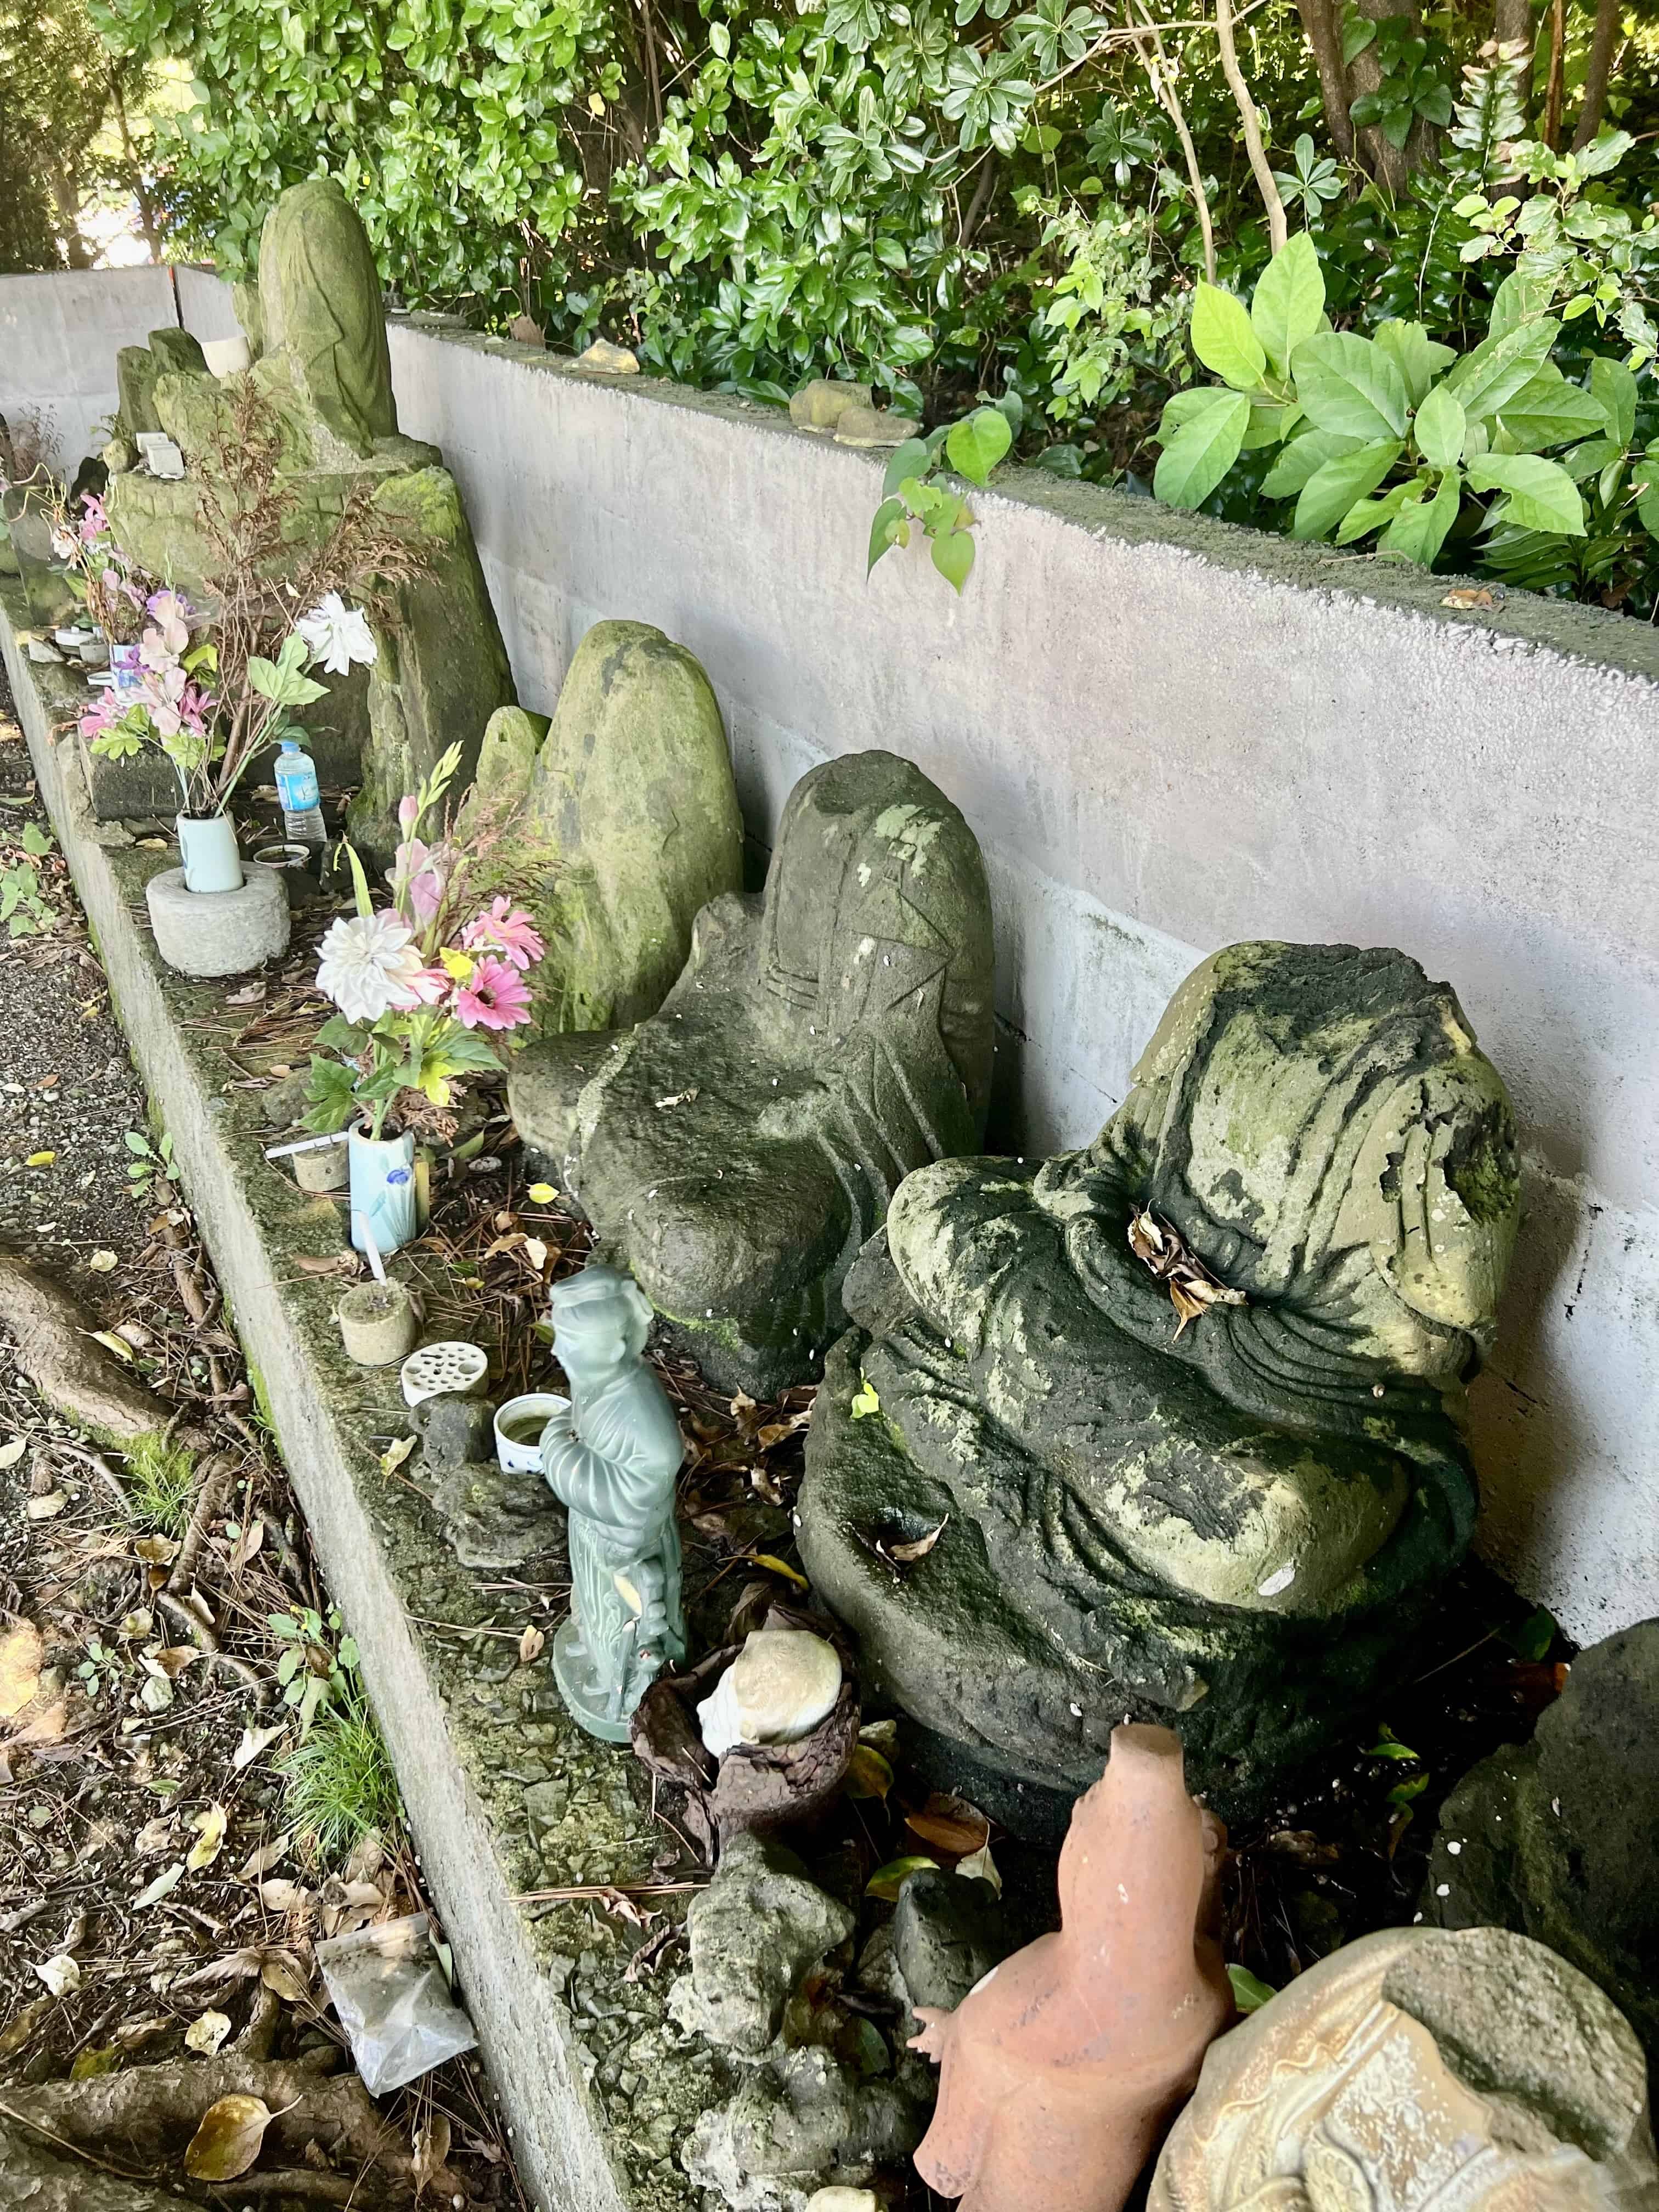 Buddhist statues whose heads have been hacked off during the persecution of Buddhism at the beginning of the Meiji period.
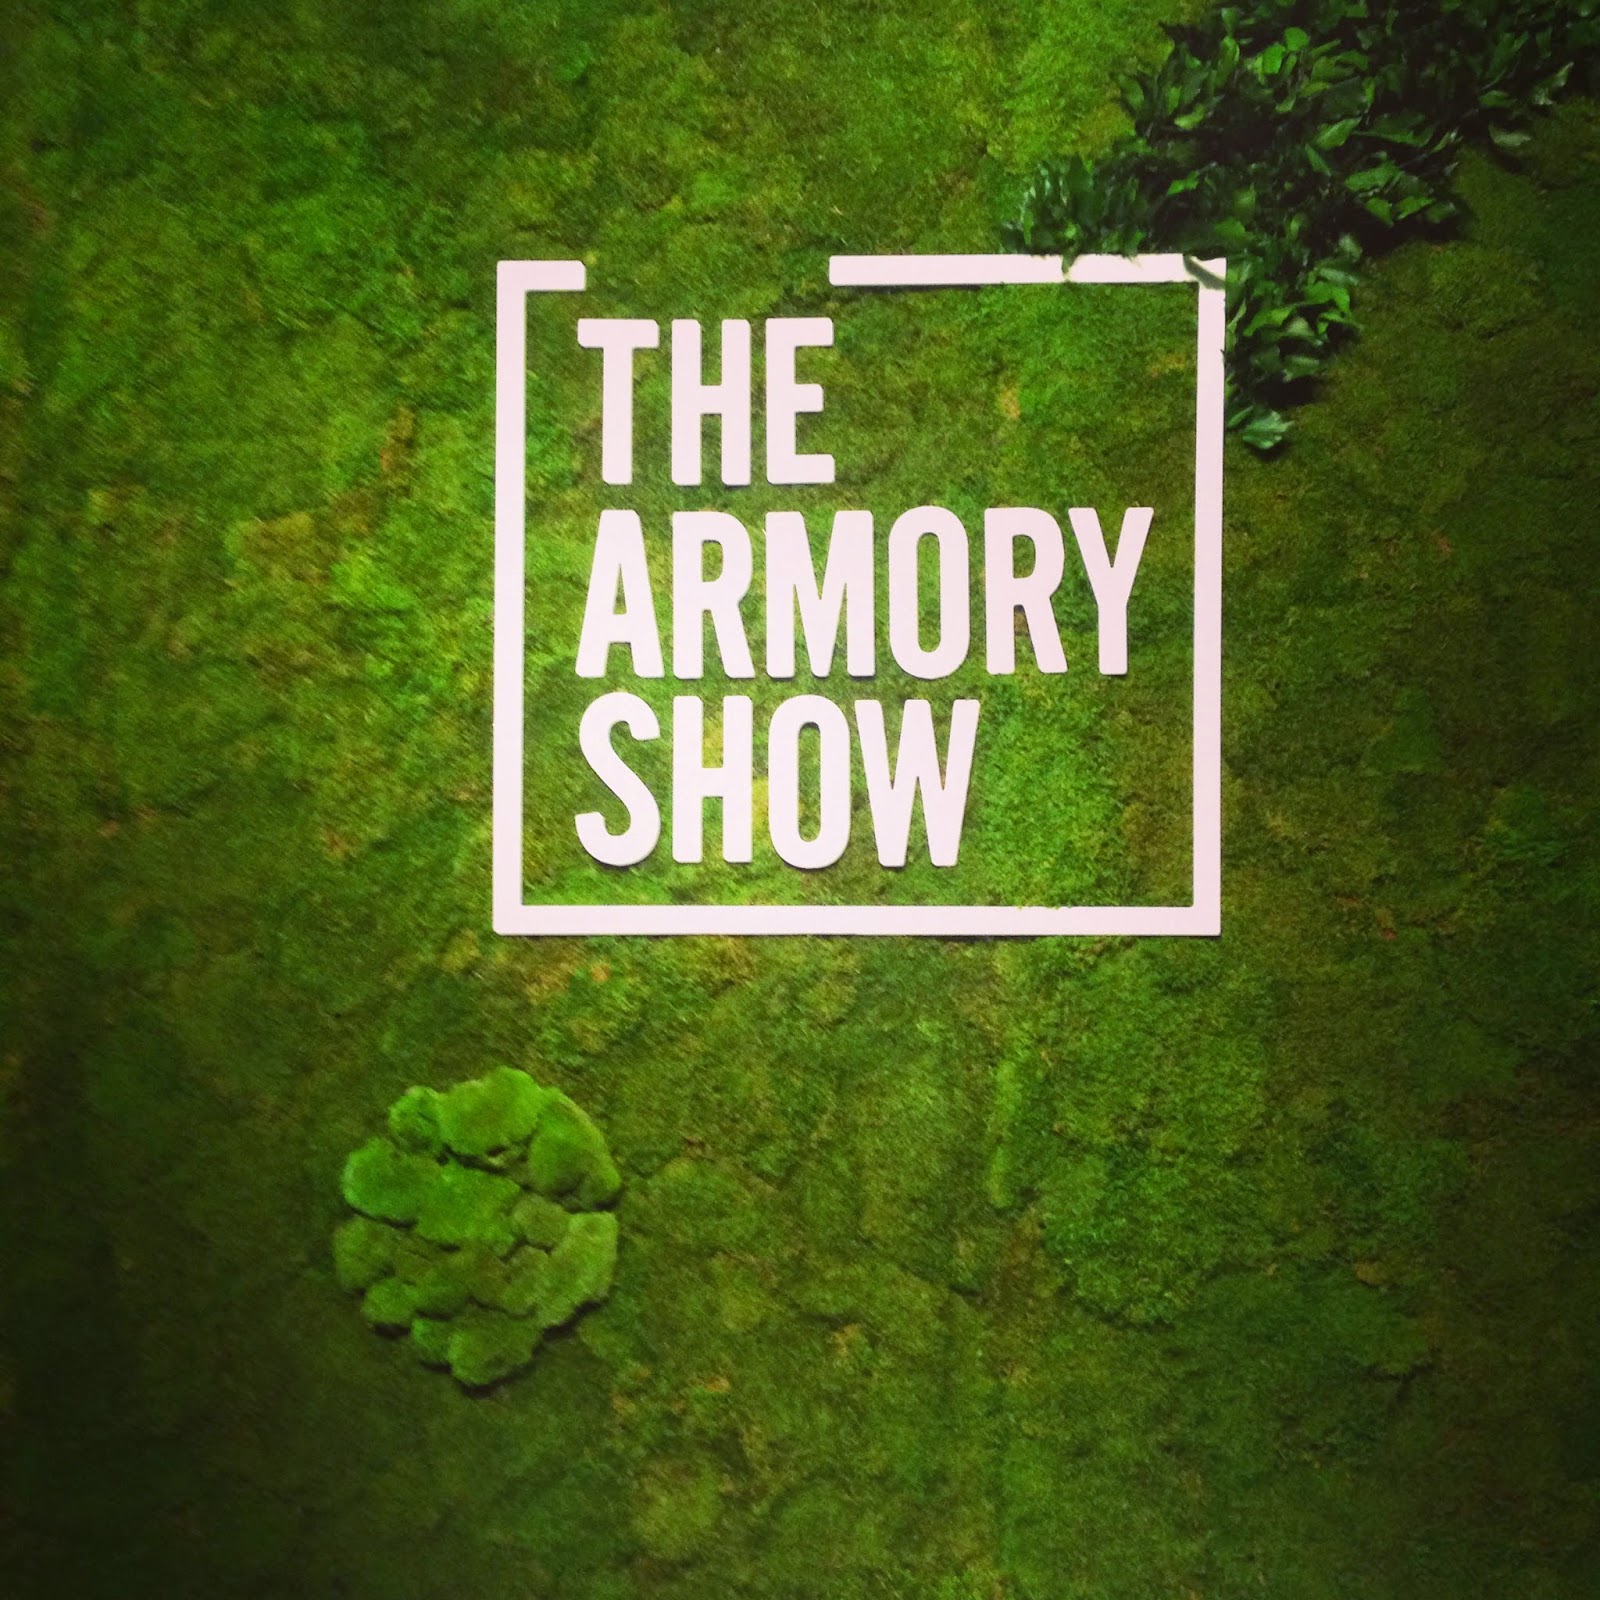 The Armory Show 2015 in NY
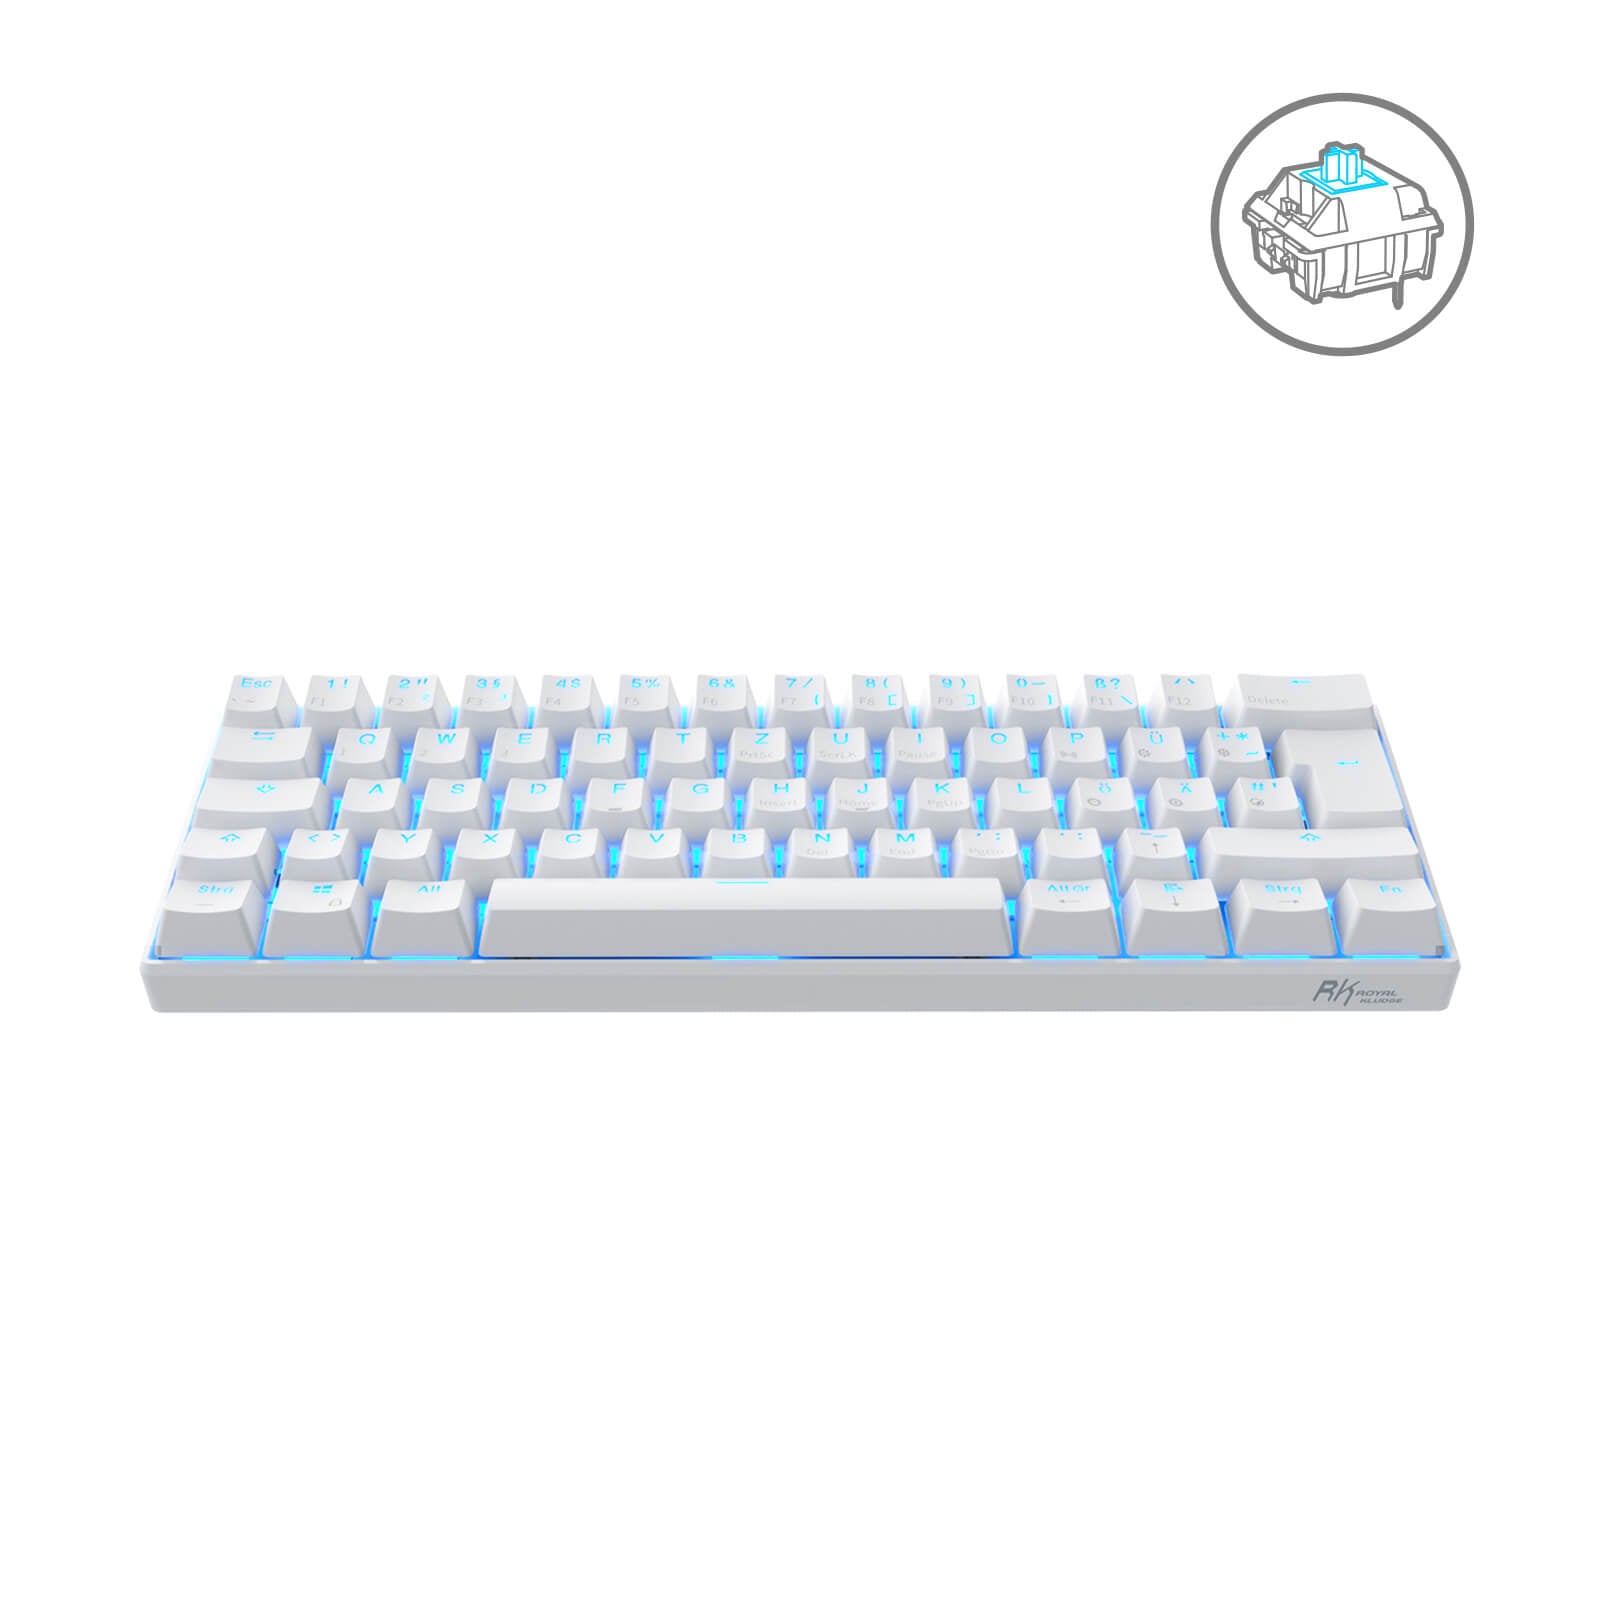  RK ROYAL KLUDGE RK61 Wireless 60% Mechanical Gaming Keyboard,  Ultra-Compact 60 Keys Bluetooth Mechanical Keyboard with Programmable  Software (Blue Switch, White) : Video Games

> _Work to complete_:
Set down the line containing "The Armory Show 2015 in NY", then every later line through the end of the material, exactly as written; omit any picture.

> _Your solution_:
 The Armory Show 2015 in NY
  RK ROYAL KLUDGE RK61 Wireless 60% Mechanical Gaming Keyboard,  Ultra-Compact 60 Keys Bluetooth Mechanical Keyboard with Programmable  Software (Blue Switch, White) : Video Games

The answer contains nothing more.